Utrecht staff and students say no to physics cuts

Bright and early on 3 January 2011, 140 physics lecturers, students and other staff at Utrecht University in the Netherlands made their way from the physics department to the offices of the university administration. The purpose of the demonstration was to submit a petition objecting to proposed cutbacks, and to the removal of department head Casper Erkelens after he refused to sign a document agreeing to the reforms.

Utrecht physics students and staff protest budget cuts. The placard reads “Stop the demolition of physics and astronomy

Physics department board member Henk Dijkstra, who is a professor at the Institute for Marine and Atmospheric Research, said that the decision to take action was made by an email discussion with the professors of the department. The proposed reforms include reducing the budget of the physics department by 44% compared to 2006, in comparison with the reductions proposed for other departments within the faculty, which are in the range of 13-24%.

“Preparedness for actions and demonstrations don’t fit in my daily vocabulary”, said Nobel laureate Gerard ‘t Hooft as he handed over the petition, highlighting the unusual situation. The petition called for Erkelens’ reinstatement, inclusion of the physics department in discussions about cuts, and drastic reduction of the proposed cutbacks. The first two of these demands have since been met.

Scientists and organisations such as Euroscience (read statement on cuts here) have called for continuing support for science during the recession, advocating a knowledge-based economy as the best way forward.

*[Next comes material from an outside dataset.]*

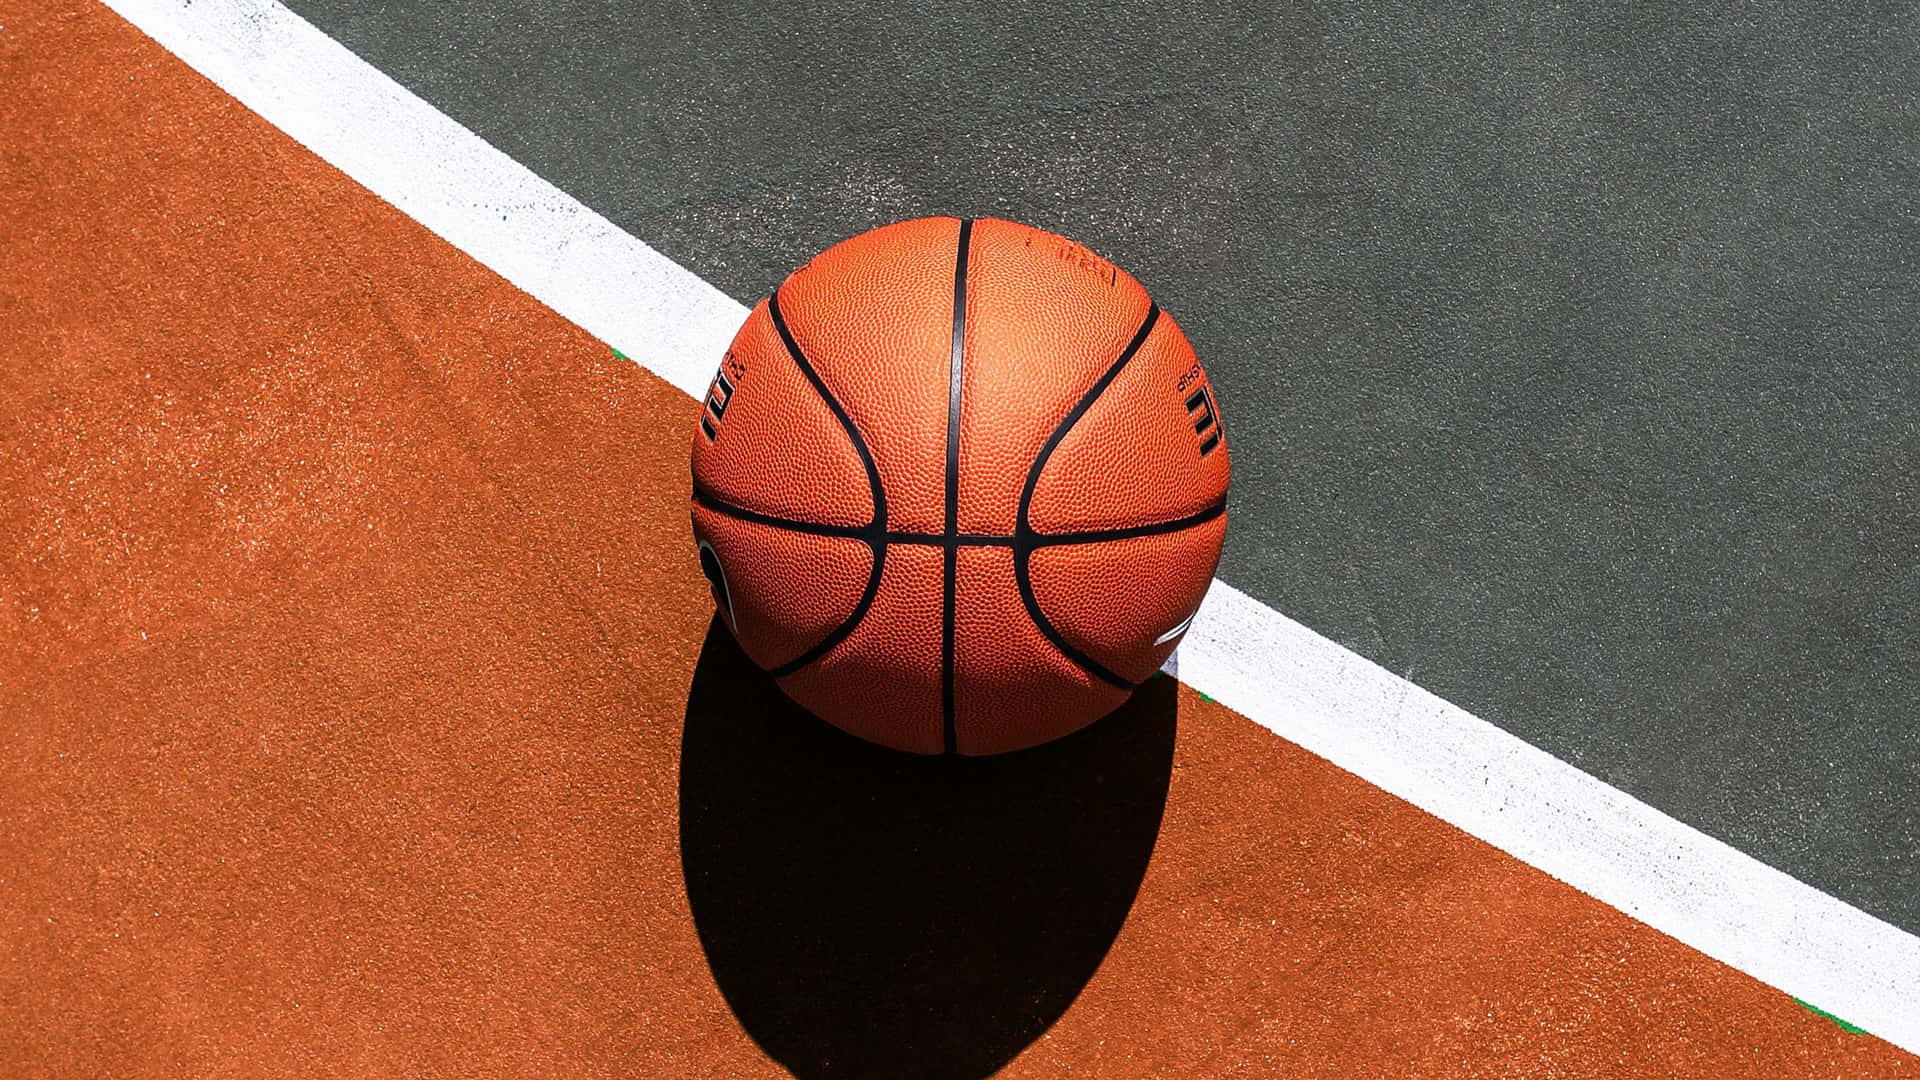 Get Ready to Dunk and Shoot with this Ball! Wallpaper

Demonstrations such as the Science is Vital rally in the UK, and a protest by scientists in Bulgaria, along with student protests in several countries, show increasing tension around this matter. Accepting the petition, President of the Executive Board Yvonne van Rooy pointed the finger at the Dutch government, urging staff and students to attend a national protest later this month. A 2010 report by the Netherlands Observatory for Science and Technology (NOWT) showed that, while overall science funding in the Netherlands is high, government spending on university science research in the Netherlands lags behind that of many of its competitors.

“I’m glad I’m externally funded”, said one physics PhD student in response to the demonstration. “At least it means I’m safe”. Here’s hoping that he is right.

The petition called for Erkelens’ reinstatement, inclusion of the physics department in discussions about cuts, and drastic reduction of the proposed cutbacks. The first two of these demands have since been met.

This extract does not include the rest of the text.